I guess the backward QA is the most memory intensive, more intensive than all the other options. The backward QA introduces about 1 - 1.4 F1 boost, but consumes times larger memory. Remvoing the backward QA is also an option.
re: if we get 50 questions, and we can use a for loop to do prediction, and each time we just feed 8 or lesser questions into the model. And we can also distribute these chunks into different GPUs to speed up training.
This is a great suggestion. The problem is that as long as your 4-8 V100 cannot fit all questions(say 150 questions) proposed in the same doc, it will be problematic. Since you need to update your gradients after the current round and release the memory, it makes mentions proposed with the updated model different from the firstly proposed 150 mentions.

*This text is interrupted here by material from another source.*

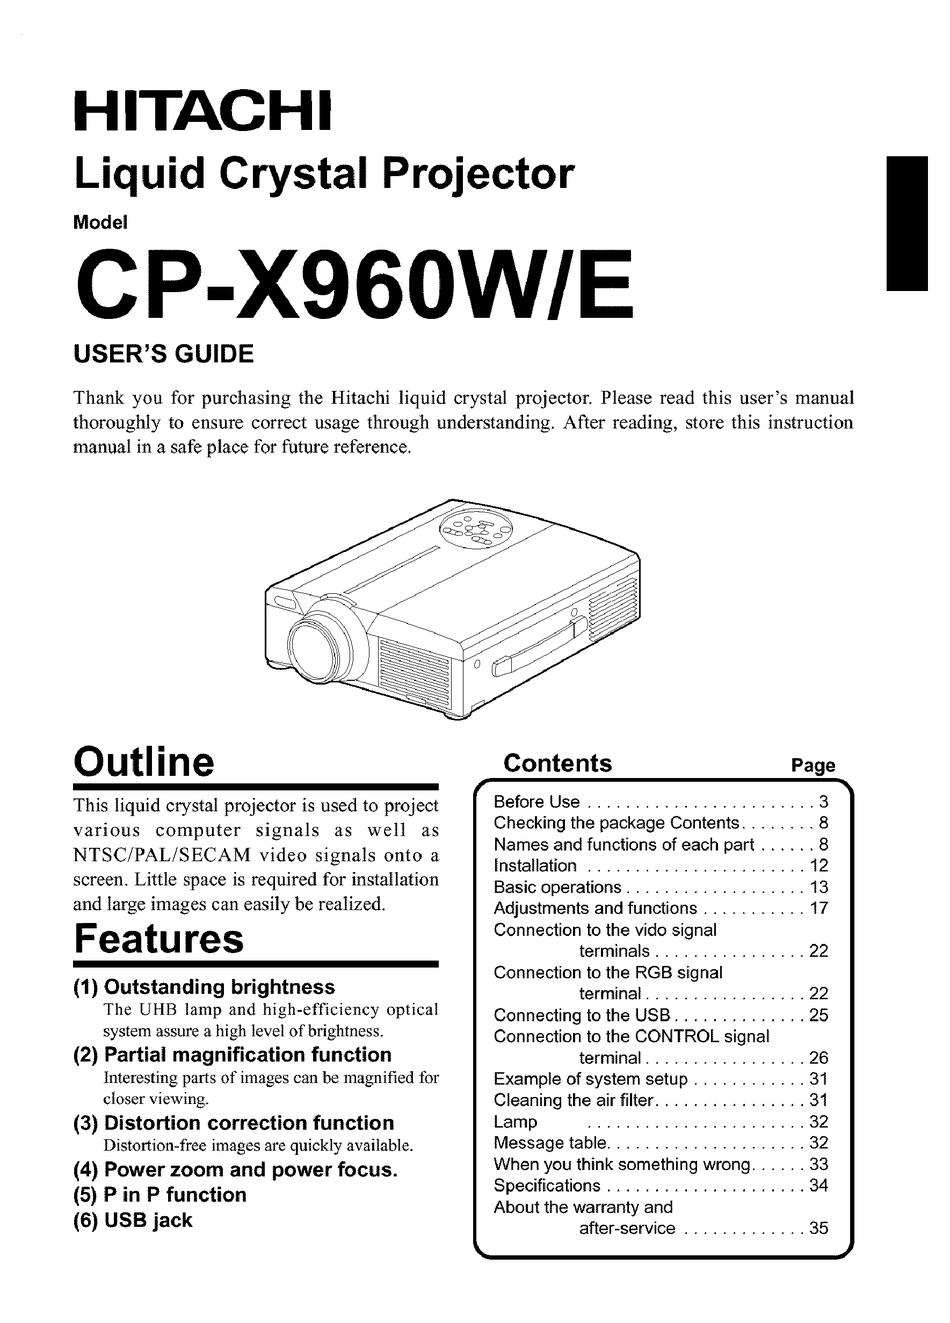 Remote Control for Hitachi CP-X958W/E Projector with Laser Pointer ...

But yes, we cannot do some tradeoffs.
I don't like the inefficiency of the model in the current paper either. We will try fix them in the future work. Nice to chat :-)

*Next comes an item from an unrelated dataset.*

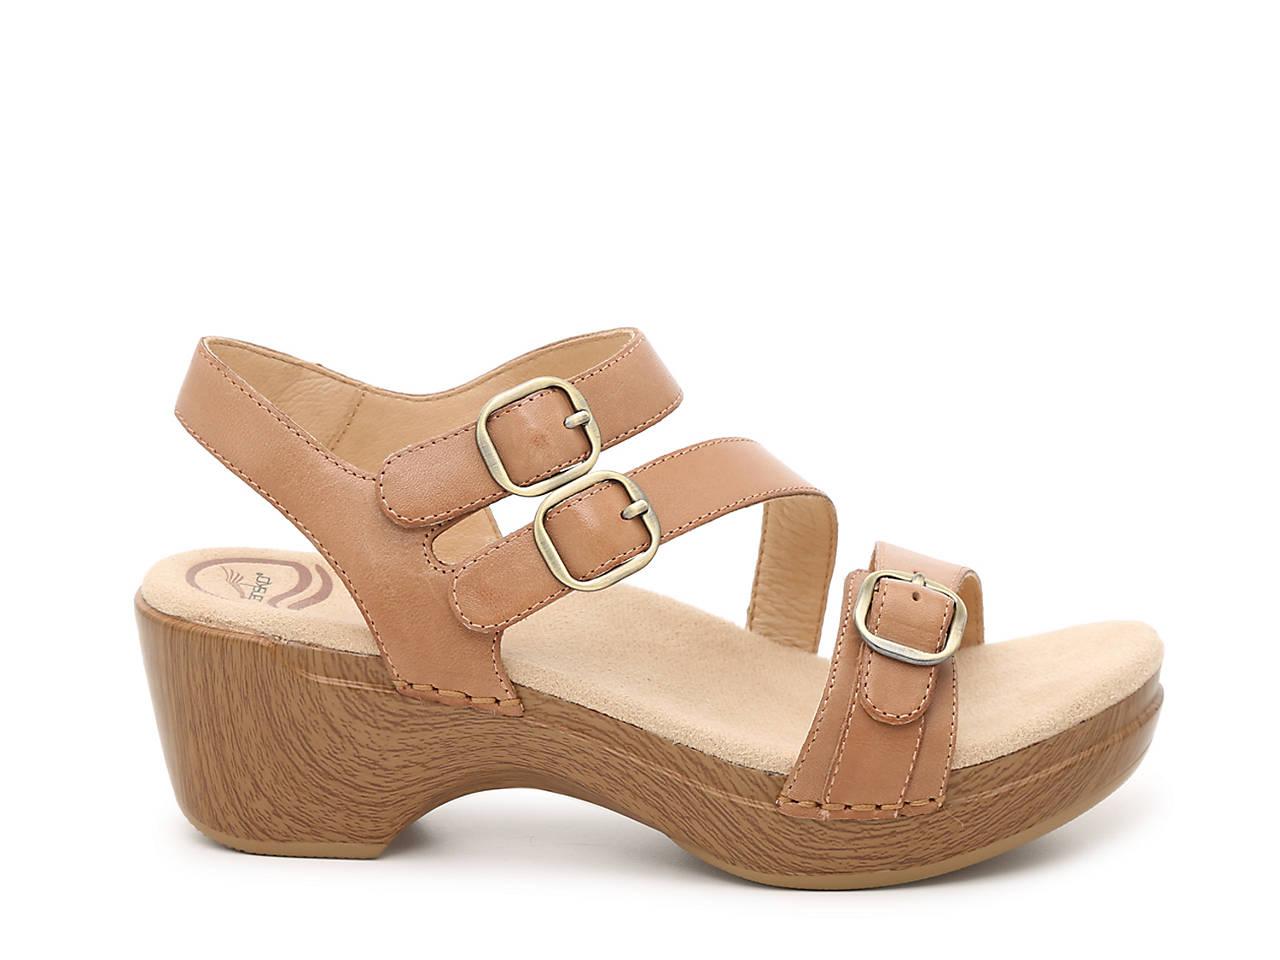 Dansko Sacha Platform Sandal Women's Shoes | DSW

Yes, the backward coreference score consumes far more memory than the forward one. I also notice that you just use the sentence that mention x resides in as the context during backward QA. Is this just a tradeoff for saving memory usage or the information provided by this sentence is enough for predicting the backward score for x and y? Because mention x and y have already been identified unlike in the forward one, where we have to find potential antecedents ys and the whole document is necessary.
Another thing is that I didn't find that you have implemented the BIO tagging scheme for finding antecedents. I have noticed another paper who use this strategy to answer multi-span questions https://arxiv.org/pdf/1909.13375.pdf. I guess it may be helpful to gain further improvements.